*Task prompt*: Beneath this line are entries. Copy the range from the line with "tutor sa is" to the line with "Vintage Daily Mail", ends included, exactly; leave pictures out.

*Data for the task*:

──────────────────────────────

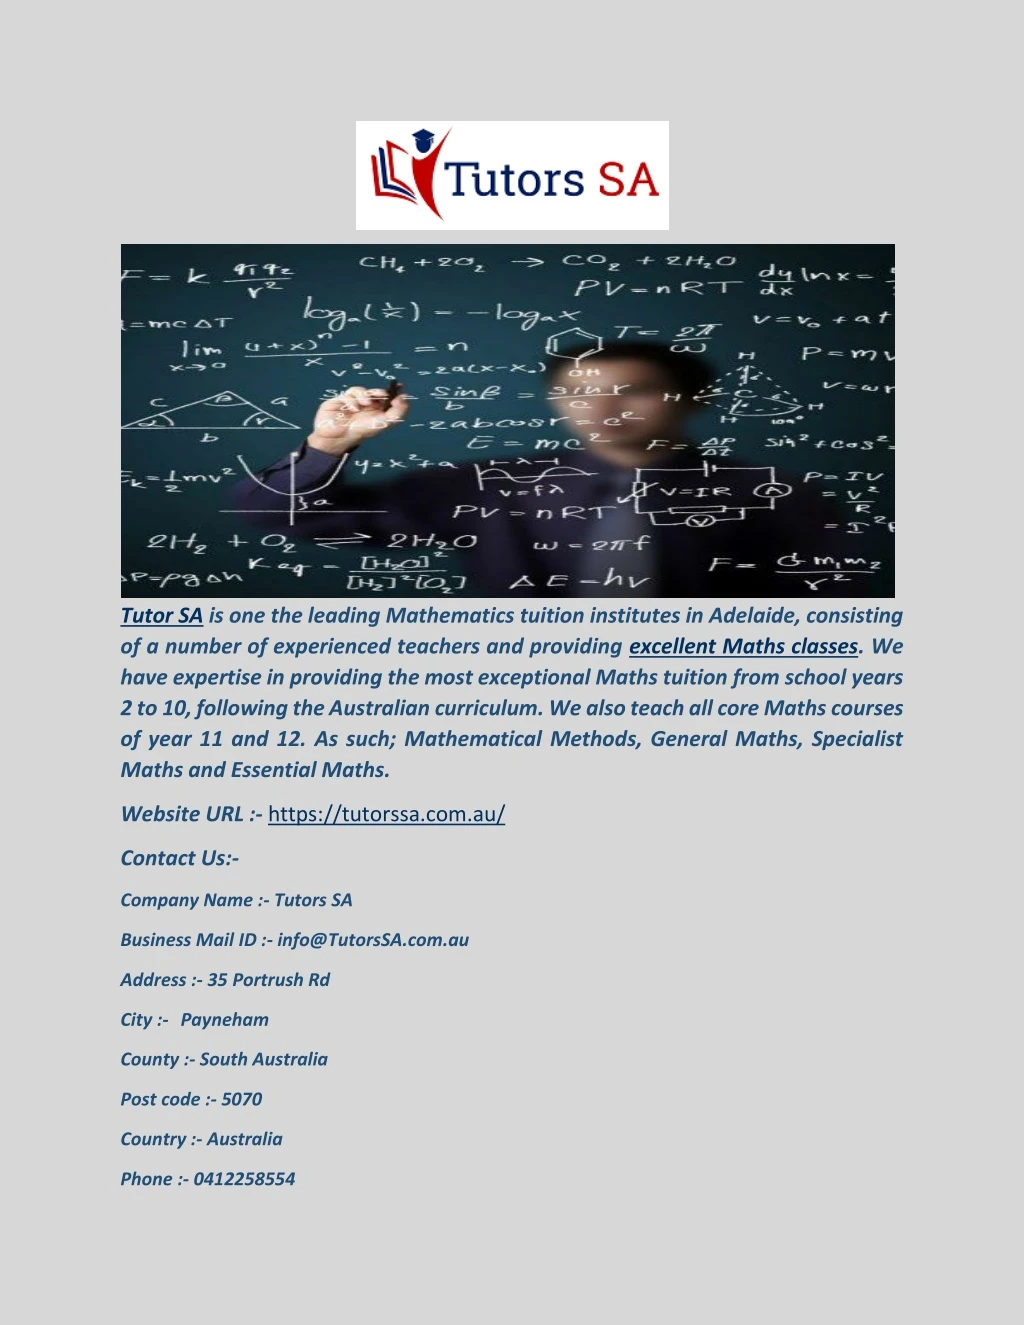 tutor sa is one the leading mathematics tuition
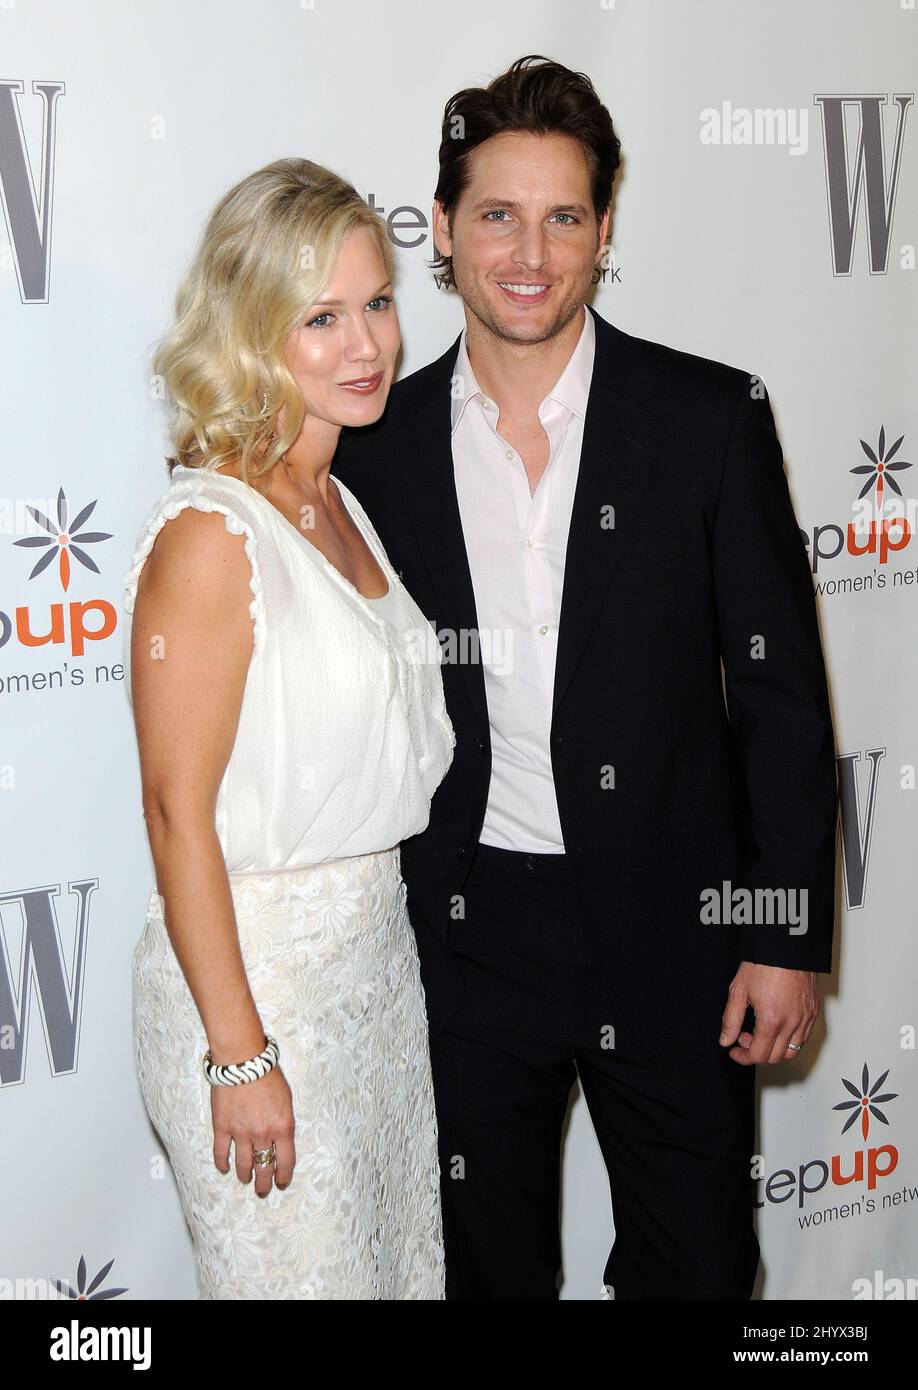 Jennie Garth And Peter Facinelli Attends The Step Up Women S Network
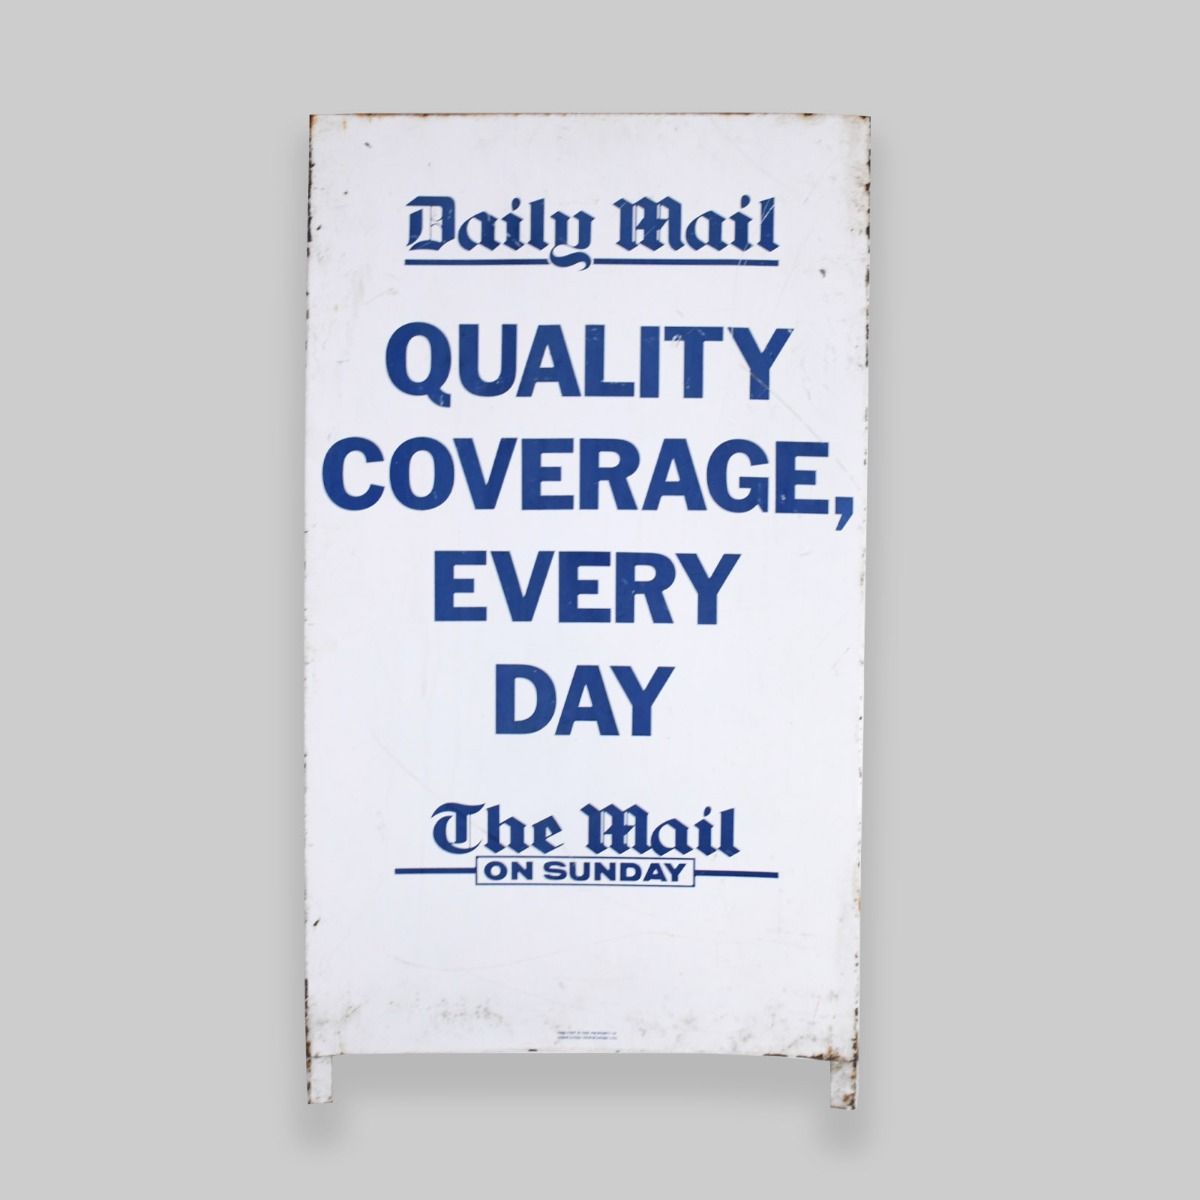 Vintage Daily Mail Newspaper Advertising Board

──────────────────────────────

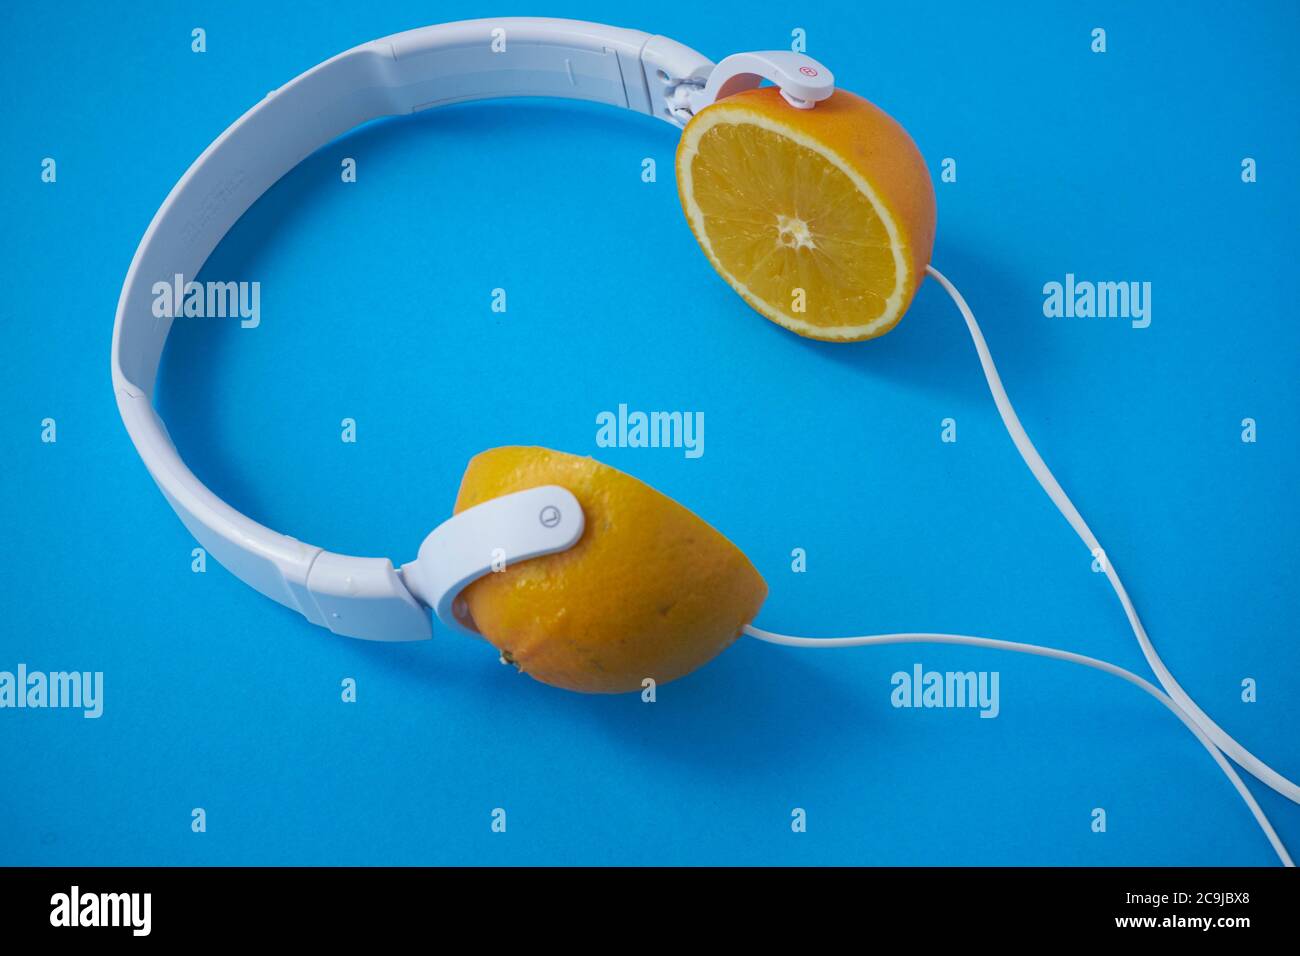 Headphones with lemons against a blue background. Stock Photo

──────────────────────────────

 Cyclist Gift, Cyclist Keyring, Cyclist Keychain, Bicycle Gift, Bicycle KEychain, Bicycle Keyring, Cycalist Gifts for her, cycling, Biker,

──────────────────────────────

*Task solution*:
 tutor sa is one the leading mathematics tuition
 Jennie Garth And Peter Facinelli Attends The Step Up Women S Network
 Vintage Daily Mail Newspaper Advertising Board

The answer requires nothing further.